Blog Post 7
Space & Cepstrums
This week came with a couple of setbacks and some pretty cool break throughs.
At the end of last week I had a pretty robust model that could acuratley classify a sound file on weather it had been recorded in one of two rooms.
After this I decided to up the ante by making a new model that would have not two, but 8 distinct rooms to classify between.
I got the model working on a few training samples but problem arose when I tried to train the model with more data, as the bigger database was actually too big to be loaded into RAM.
I fixed this by decreasing the number of files in the training database.

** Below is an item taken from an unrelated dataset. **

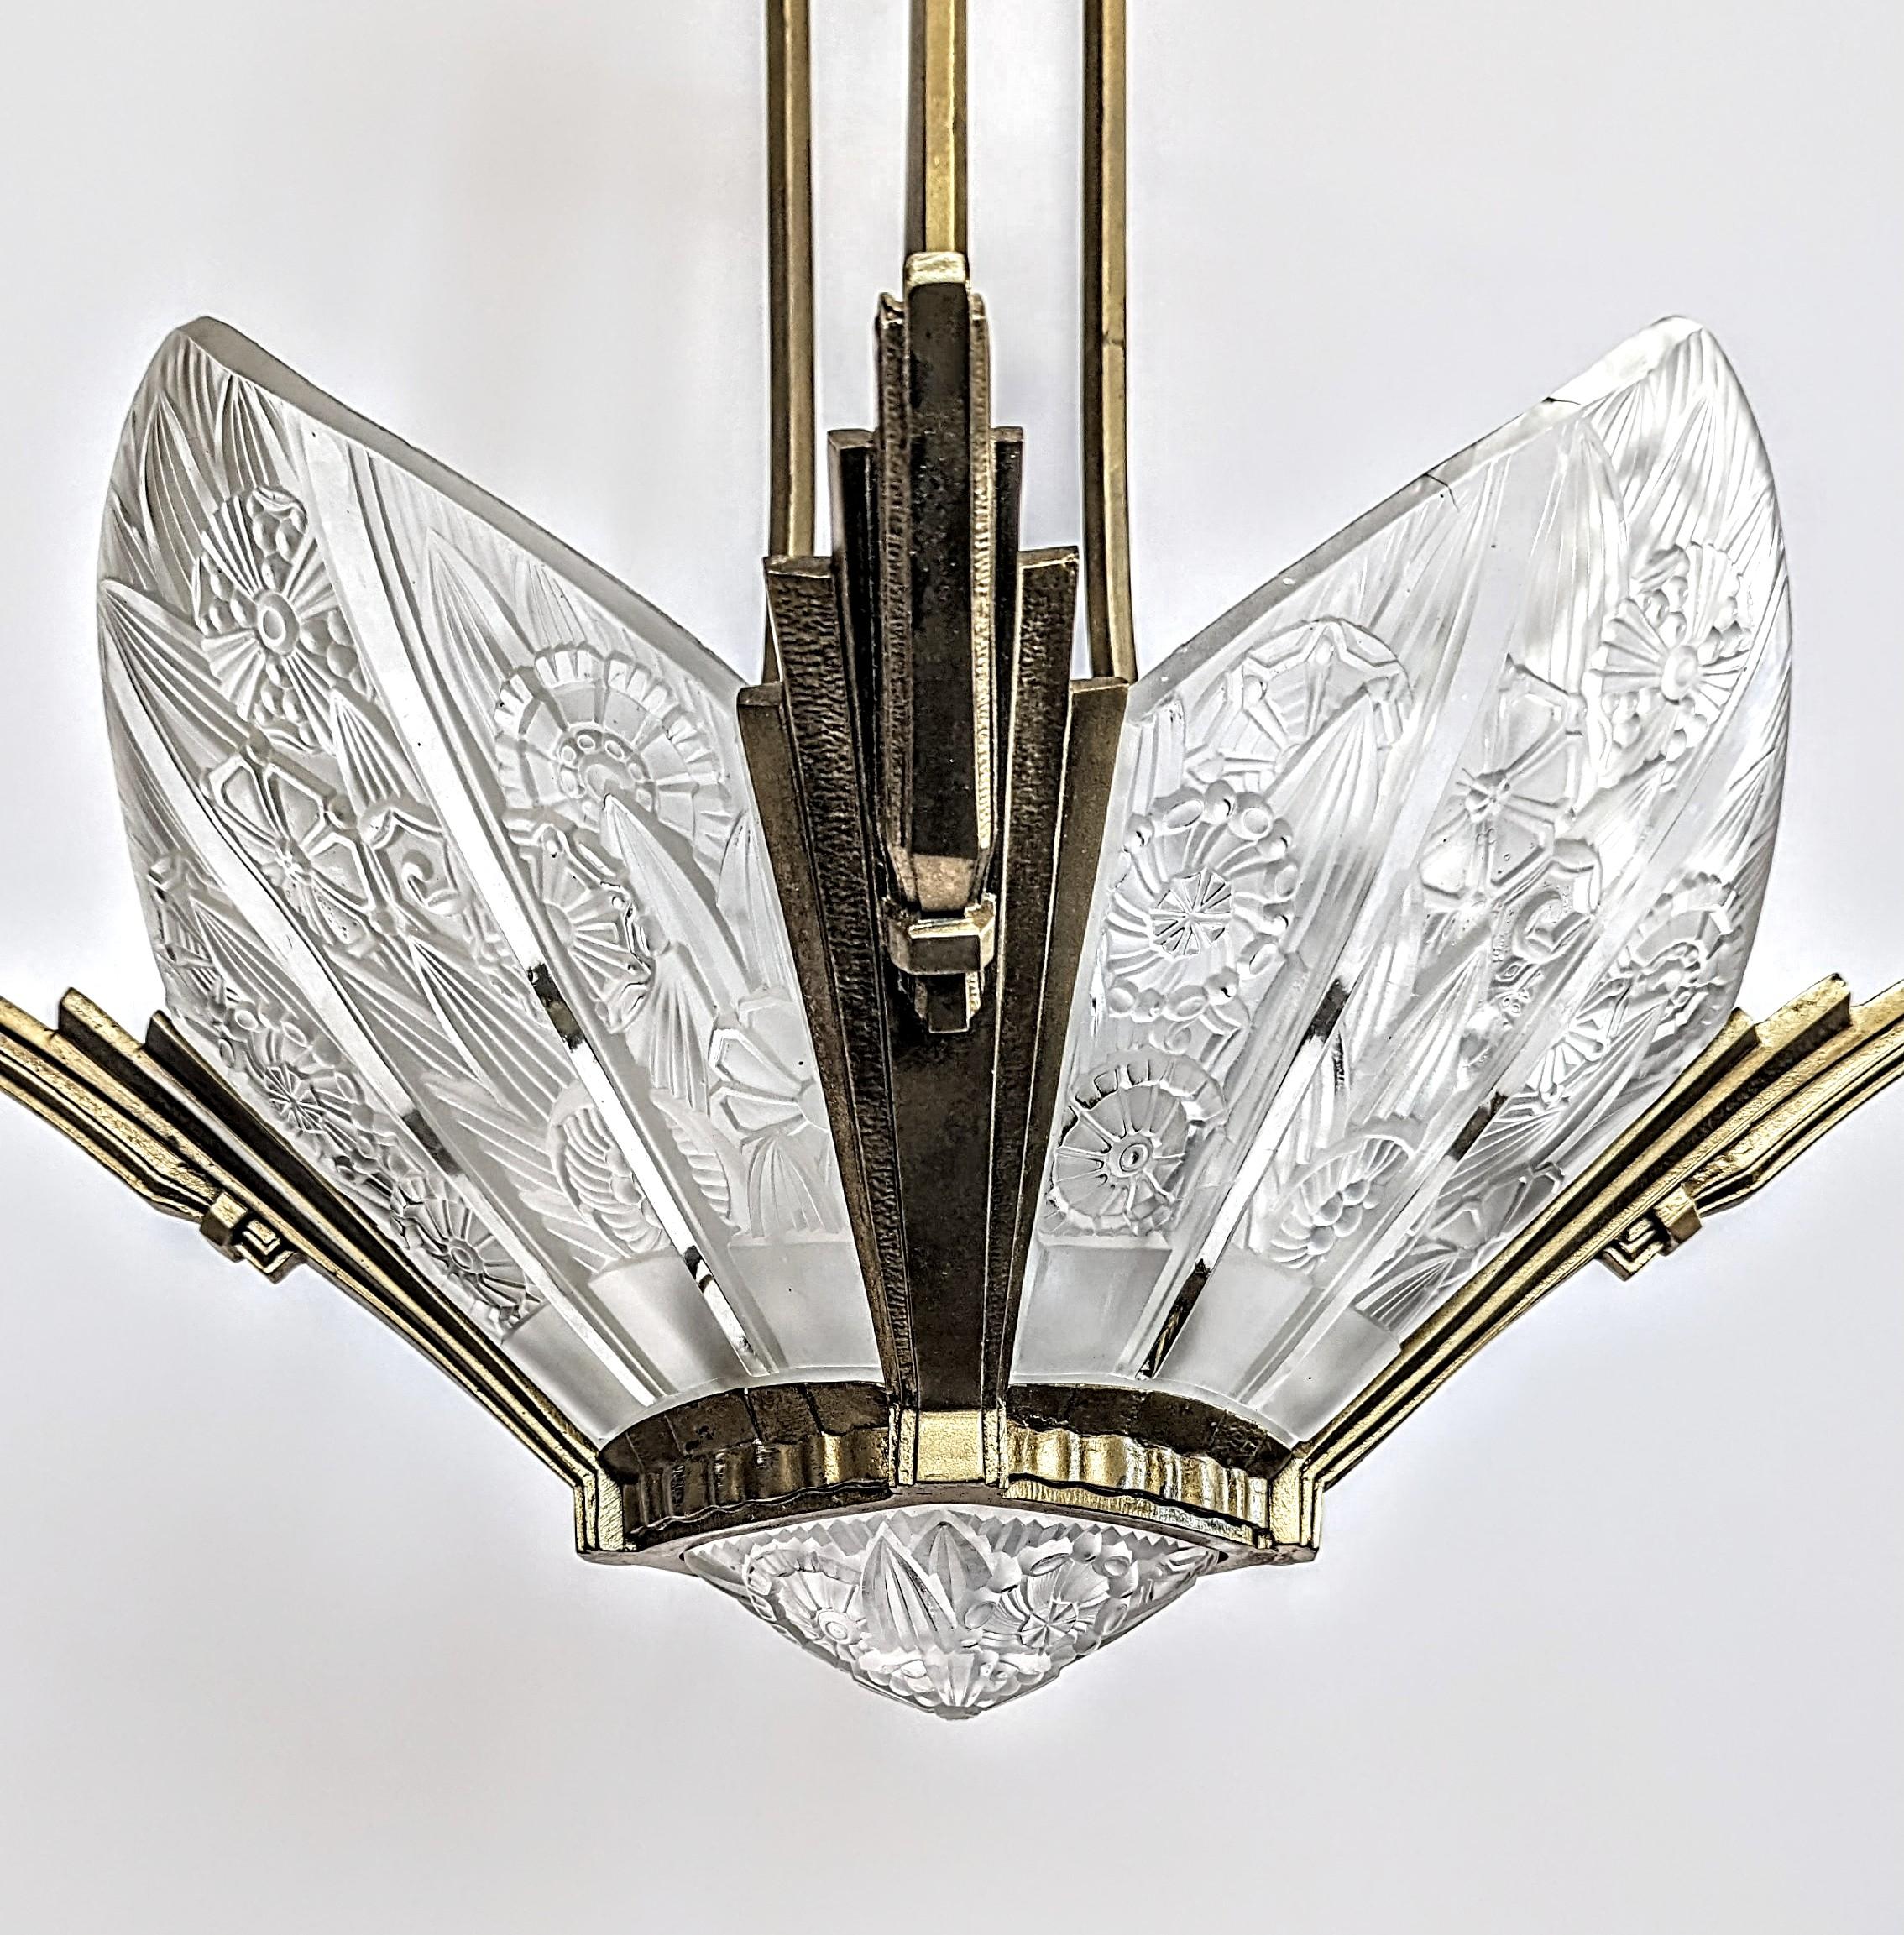 20th Century French Art Deco Chandelier Signed by Hettier Vincent For Sale

After a few test runs however it turned out that the model was far less accurate than the previous binarly classifier, and took a lot longer to train.
After reading a few papers on music information retrival techniques I found that many projects utilise cepstral analysis to help corerelate audio simmilarity.
In DSP a cepstrum is ‘the result of taking the inverse Fourier transform of the logarithm of the estimated spectrum of a signal’ which sounds (and is) pretty complicated but it can kind of be thought of as a way to look at the rate of change of diffent spectrum bands.
By adding a prepreccessing step where I take the cepstrum of each sample in the traing set and generate a new data set using this information, I was able to increases the accuracy of the models classifcations and decreases the size of the database dramatically, saving huge ammounts of memory and training time.
A further step I might take is testing whether or not the auto-cepstrum (the cepstrum of the autocorrelation signal)
which is sometimes used in the analysis of singal data with echoes, produces more accurate results.
Next week I plan to tweak the model using tensorboard to analyse the sucess of slightly different models, and to begin working more with GNN to implement the model with ECL.